風邪をこじらせていた家人がだいぶ恢復したというので、今日は東京まで外出。今度の週末で終わってしまうというので、前売券(千五百円×二枚)を無駄にしてはならじとテアトル銀座へと駆けつける。窓口の掲示を料金表を見ると、五十歳以上の夫婦者はふたりで二千円だという。わざわざ前売を買っておいて千円損したわい。
とりあえず座席を指定して、上映開始の一時四十分までまだ小一時間あるので同じ建物の地下のイタリア料理店で軽い昼食。
マノエル・デ・オリヴェイラ監督作品
夜顔 2006年
ミシェル・ピコリ+ビュル・オジエ
邦題の『夜顔』とはこの作品がルイス・ブニュエル監督作品『昼顔』の続編(というか後日談)というところからつけられたとおぼしいが、原題 Belle Toujours にはそんな意味はないと思う。

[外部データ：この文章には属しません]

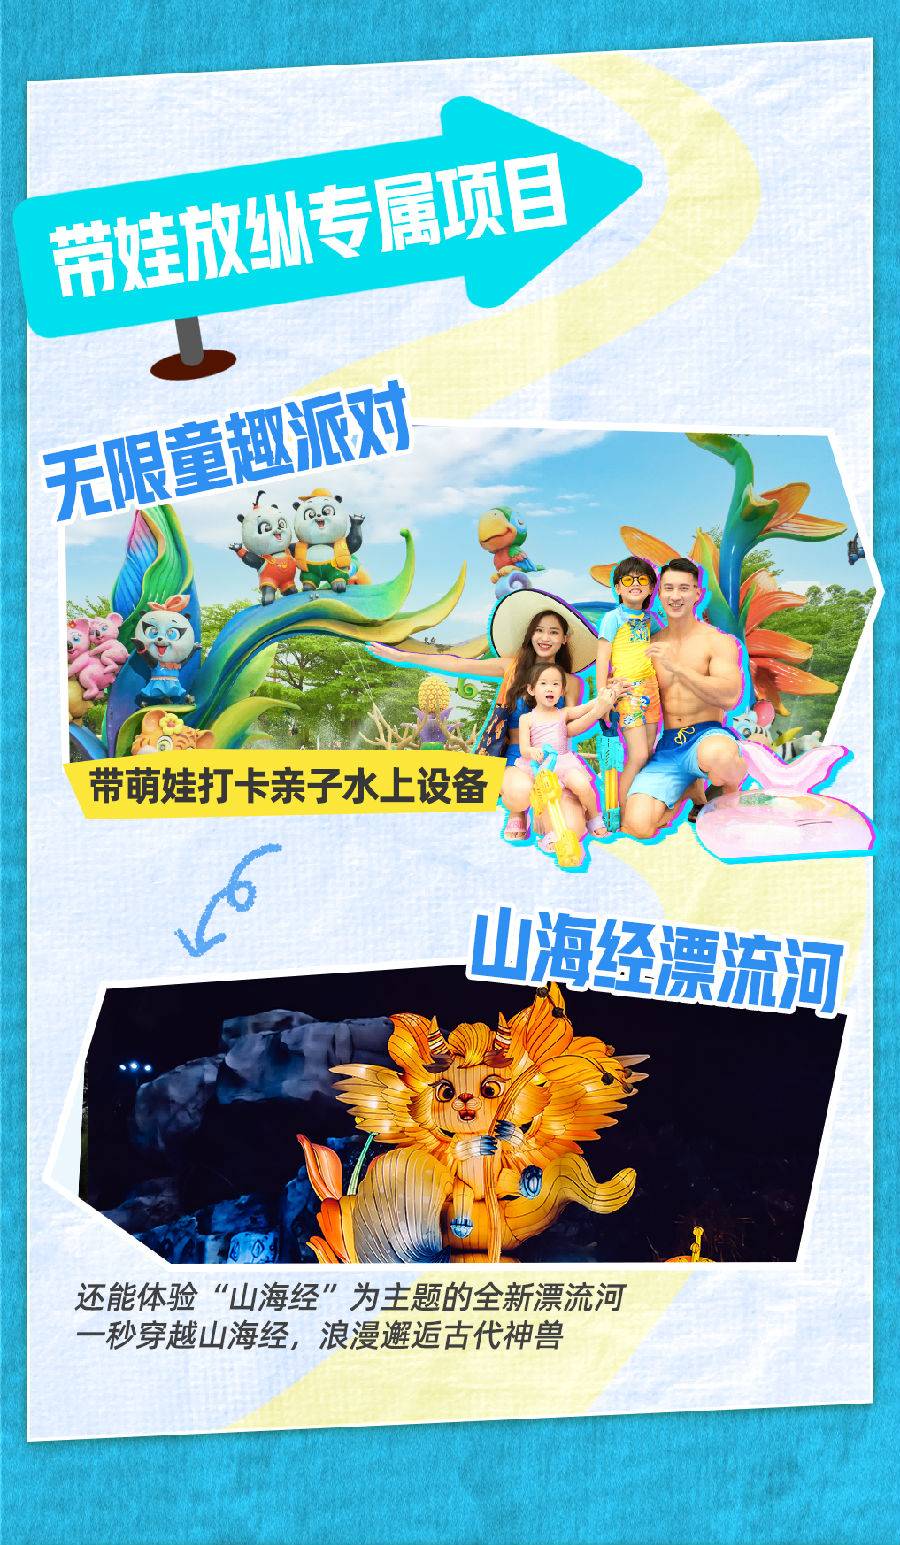 【常规】广州长隆水上乐园标准票（7-8月）
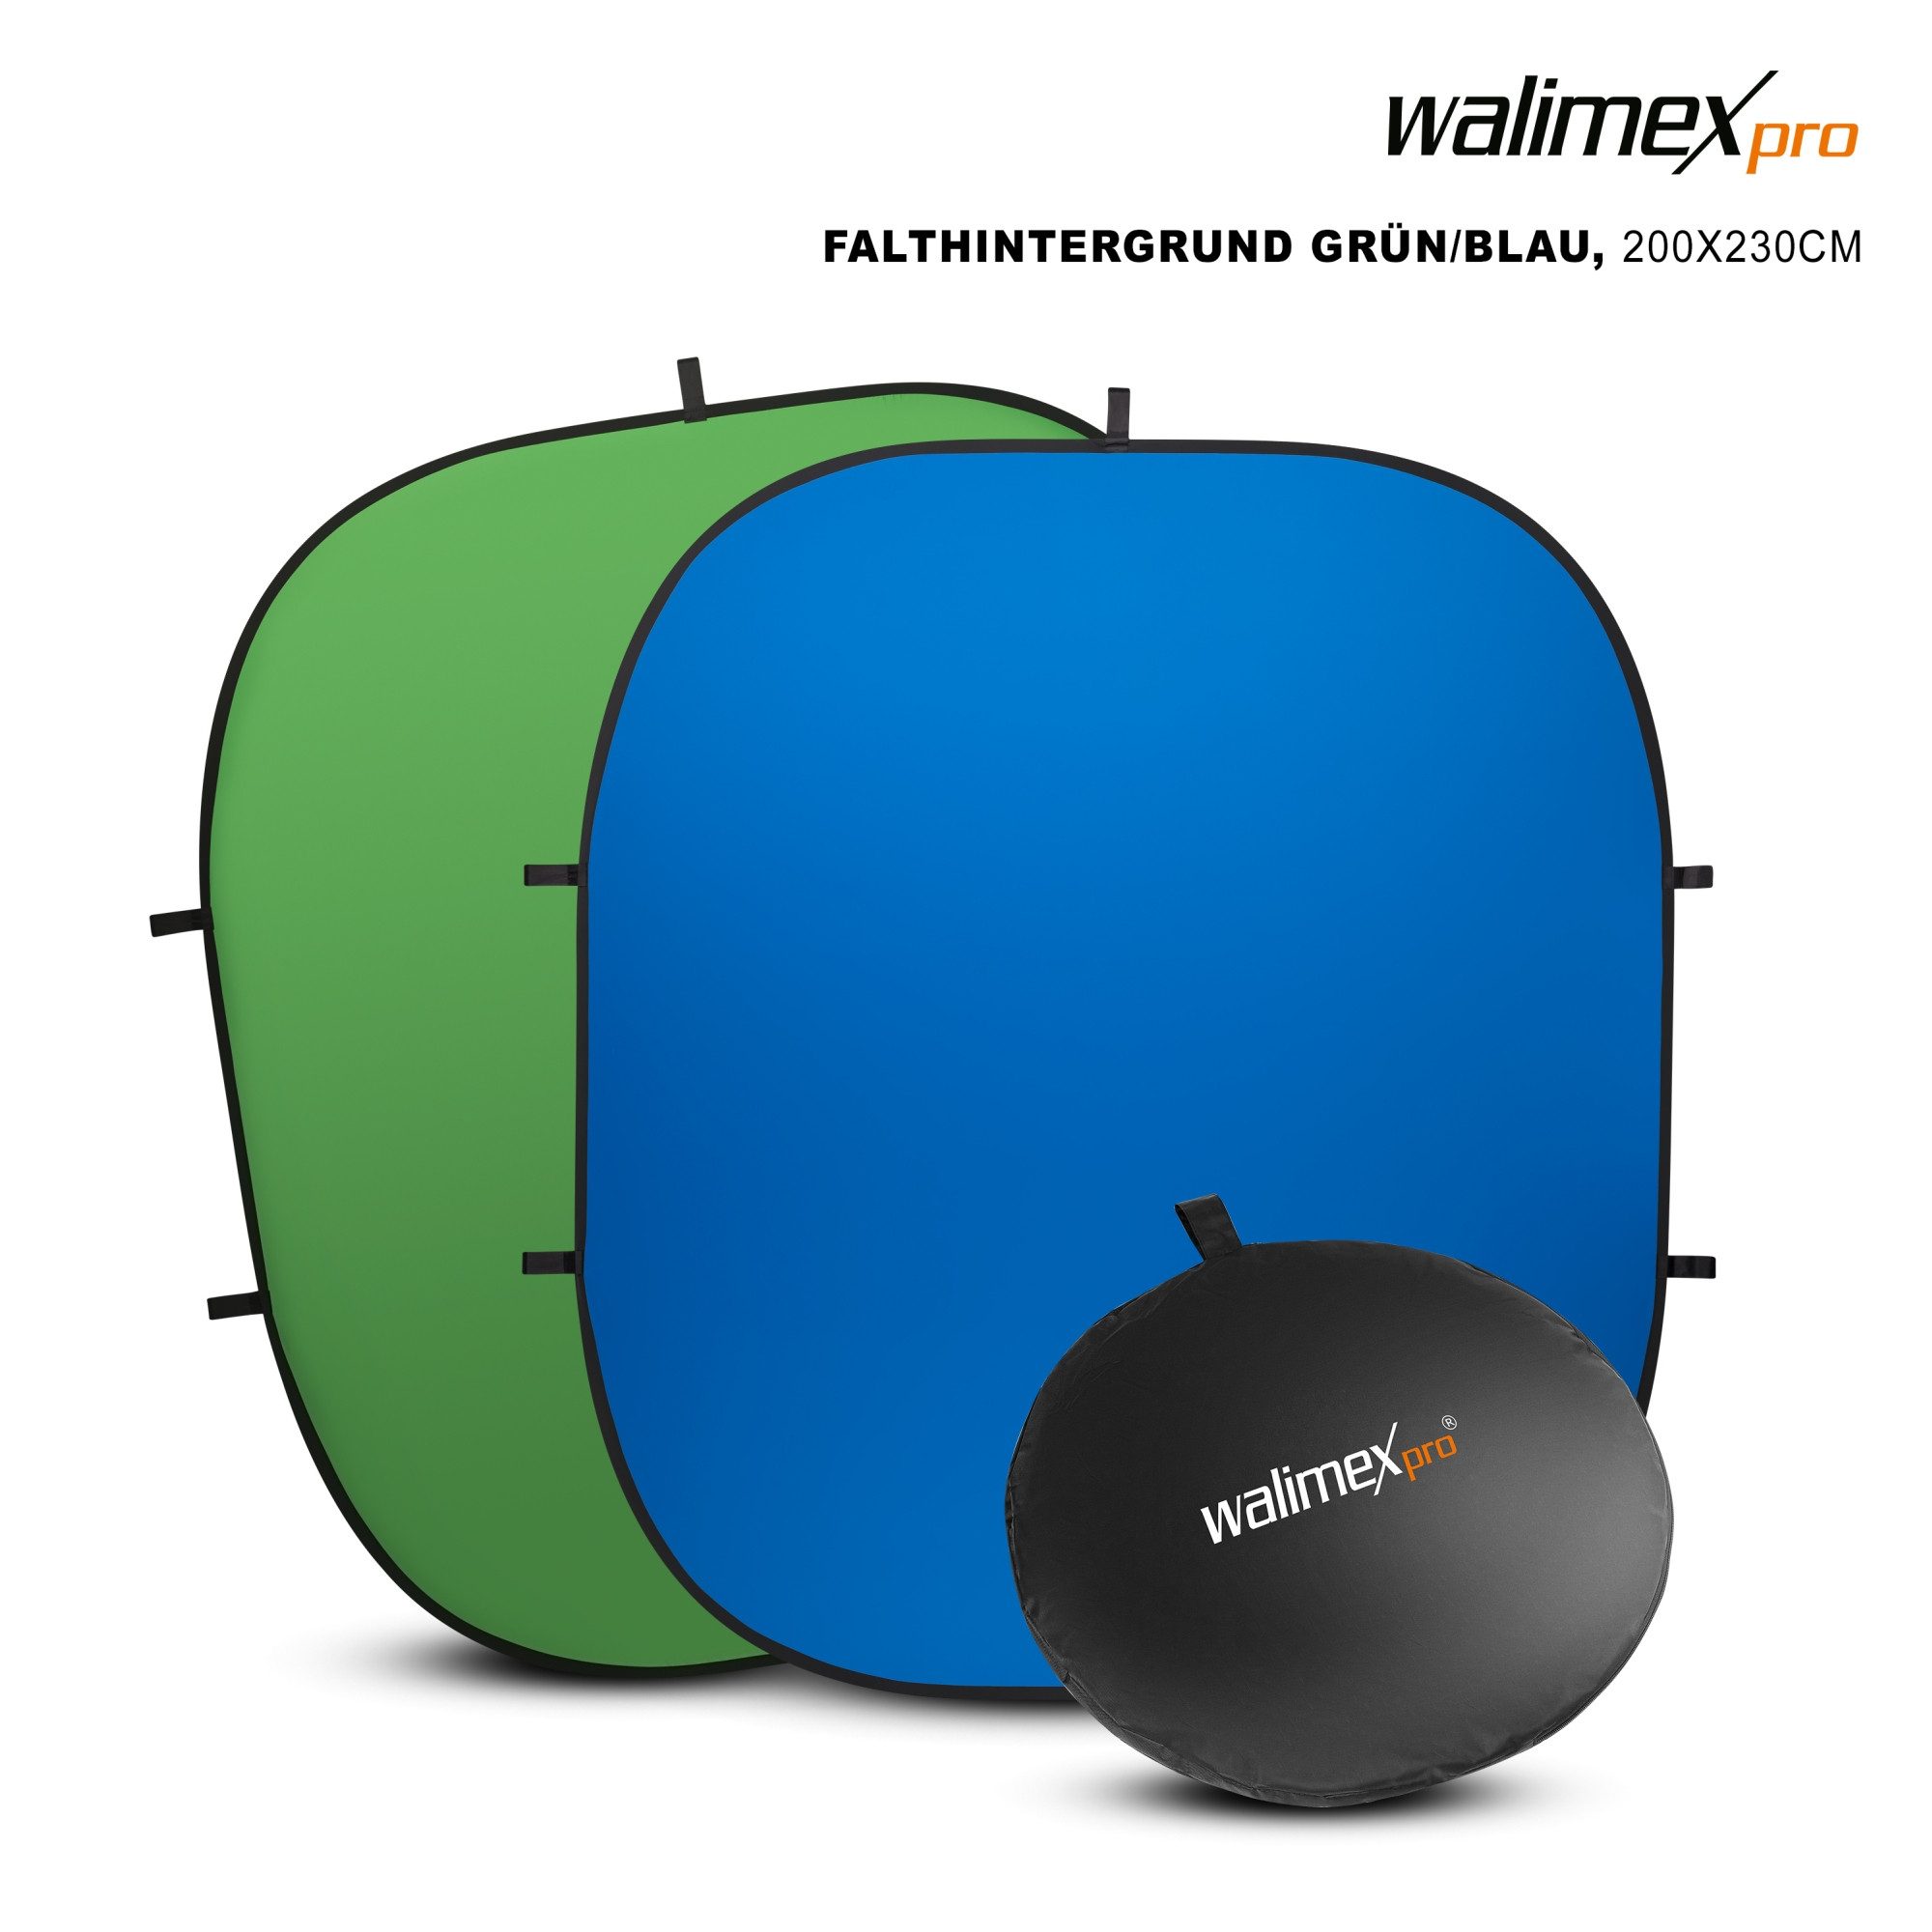 Walimex Pro Falthintergrund 2in1 Falthintergrund grün/blau 200x230

「昼顔」は Belle-de-Jour(昼の美女)といい、その反語の Belle-de-Nuit(夜の美女)は「おしろいばな」、転じて所謂「夜の女」を指すと手許の仏和辞典にある。ケッセルの小説(そしてブニュエルの映画)のヒロインを「昼顔」と呼ぶのは、「夜の女」ならぬ「昼の女」なのだという含意が篭められていたわけだが、本作のタイトルはそれを踏まえながら Belle Toujours すなわち「いつもながらの美女」だというわけで、その捻ったニュアンスの妙は邦題には生かされていない。

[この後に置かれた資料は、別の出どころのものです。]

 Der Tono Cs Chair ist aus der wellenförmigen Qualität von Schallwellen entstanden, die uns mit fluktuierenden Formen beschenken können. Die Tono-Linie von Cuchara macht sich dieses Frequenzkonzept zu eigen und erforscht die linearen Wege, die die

そんな詮索はともかく、オリヴェイラ監督のこの近作はさらりと撮られているようにみえて、各ショットの完成度は実に揺るぎがなく、初めから終わりまで溜息のつき通し。九十七歳の監督の演出力も凄いが、八十一歳のミシェル・ピコリの悠然たる演技もまた凄いものだ。

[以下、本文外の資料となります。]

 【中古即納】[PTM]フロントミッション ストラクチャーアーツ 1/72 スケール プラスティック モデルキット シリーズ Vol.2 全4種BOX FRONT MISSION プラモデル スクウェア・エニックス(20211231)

『昼顔』の三十八年後に同じ男女がパリで再会する、という設定なのだが、カトリーヌ・ドヌーヴが出演を肯じなかったのでビュル・オジエが代わりを演ずることになった由。ドヌーヴで観てみたかった気持ちは否定できないが、映画そのものの骨子はそのことで微動だにしない。
冒頭でいきなりオーケストラの演奏会が映し出され、ドヴォルザークの第八交響曲の終楽章が延々と流される(ローレンス・フォスター指揮 グルベンキアン財団管弦楽団)。古めかしい演奏会場だが、実はこれ、普段はオペラとオペレッタの常打小屋であるサル・ファヴァール(オペラ=コミック座)とおぼしい。そのあと、パリ市街を俯瞰で捉えた映像が何度もインサートされるが、そのたびごとに、同じ交響曲の第三楽章が朗々と流される。
野趣と覇気に充ちたドヴォルザークの楽曲は、老人同士の冷厳で秘めやかな再会劇にはまるでミスマッチのはずだが、そうとばかり思えなくなるのはオリヴェイラ監督の深謀遠慮のなせる業か。いつしか「これでいいのだ」という気になってくるから不思議だ。現地ロケで撮影された古色蒼然たるパリの街並や鄙びたホテルのロビーなど、すべての要素が響き合って、絶妙というほかない渋いトーンを醸し出す。
これからご覧になる方のために、驚くべきエンディングについては語らずにおく。ブニュエルに優るとも劣らぬ強度と衝撃力だ、とだけ記しておこう。